Blind, phase III controlled clinical study, with Professor Cheng Ying from Jilin Cancer Hospital and Professor Wang Jie from Cancer Hospital of Chinese Academy of Medical Sciences as the principal investigators, and 49 centers across the country participated in the study.
The primary endpoint of the study was overall survival (OS), secondary The endpoints to be studied include progression-free survival (PFS), objective response rate (ORR), duration of response (DoR), disease control rate (DCR), and safety
.
A total of 462 subjects were enrolled in the study, who were randomized 1:1 to receive SHR-1316 injection or placebo combined with etoposide and carboplatin, administered once every 3 weeks for 4-6 cycles After combination therapy, enter SHR-1316 injection or placebo maintenance therapy until disease progression, unacceptable toxicity, or other conditions that require discontinuation of therapy
.
According to the Insight database, Hengrui's SHR-1316 project has entered the Phase 3 clinical stage as early as 2018
.
At present, Hengrui has launched 11 clinical trials for SHR-1316 in China
Phase III clinical trials for SHR-1316 registration
From Insight database (http://db.
dxy.
cn/v5/home/)
According to Hengrui's official information, as of October 27 last year, the accumulated R&D expenses of SHR-1316 related projects were about 218.
37 million yuan
.
At present, five PD-L1 mAbs have been approved for marketing worldwide, including AstraZeneca's durvalizumab (Imfinzi), Roche's atezolizumab (Tecentriq), Merck/Pfizer's Avelumab (Bavencio), as well as two domestic PD-L1 mAbs that have just been approved at the end of 2021, Corning Jereh/Sidedi's nvolumab and CStone's sugelimab
.
According to public data, the total global sales of the first three PD-L1 models in 2020 are about 5.
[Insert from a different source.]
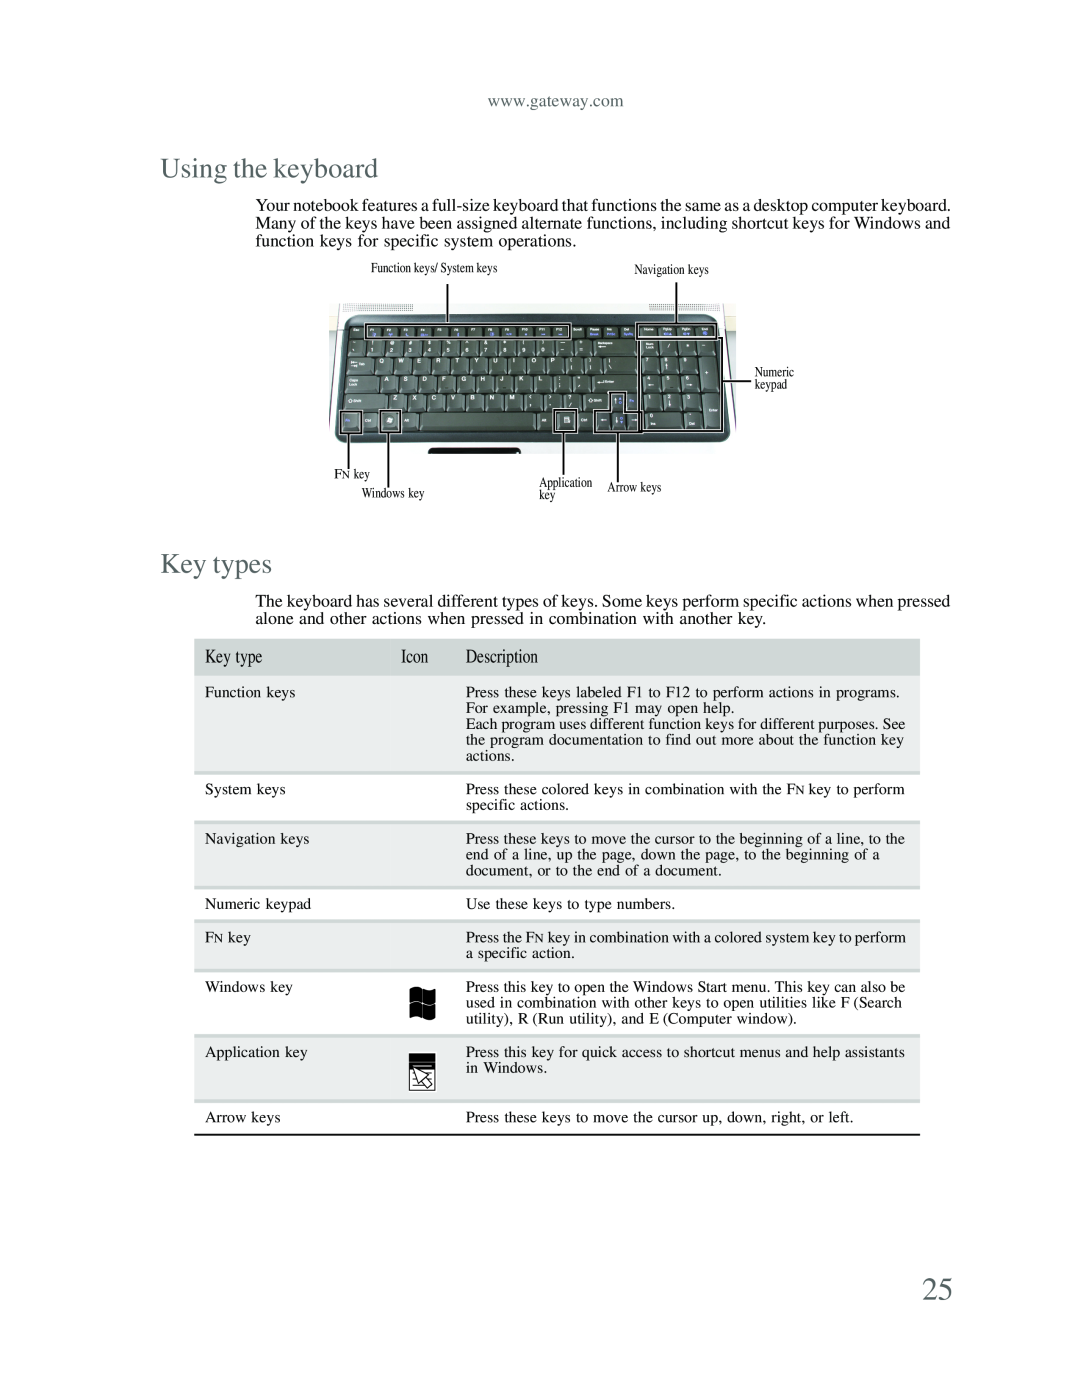 Gateway p-79 manual Using the keyboard, Key types

In China, although PD-L1 is less competitive than PD-1, it will gradually enter an outbreak period from 2021
.
In a short period of time, the first echelon of nvolimab and sugelimab have been approved successively, followed by Li's pharmaceutical company's first injection of limumab and Kelun Pharmaceutical's tetlimumab.
According to statistics, in the Phase 3 clinical stage, Chia Tai Tianqing's TQB2450 and Zhixiang Jintai's GR1405 are expected to launch a sprint to the market
.
Chia Tai Tianqing TQB2450 has also launched two head-to-head Phase 3 clinical trials in combination with Anlotinib in 2021, comparing the K drug pembrolizumab and BeiGene's tislelizumab
Domestic PD-L1 mAb with rapid progress
Insight database sorting (Insight medical intelligence assistant)
Today, PD-L1 mAbs have gradually demonstrated their therapeutic potential in areas where PD-1 has not broken through
.
Recently, AstraZeneca PD-L1 achieved the first OS breakthrough in immunotherapy for first-line cholangiocarcinoma, and Roche PD-L1 became the first immunotherapy approved for adjuvant treatment of NSCLC.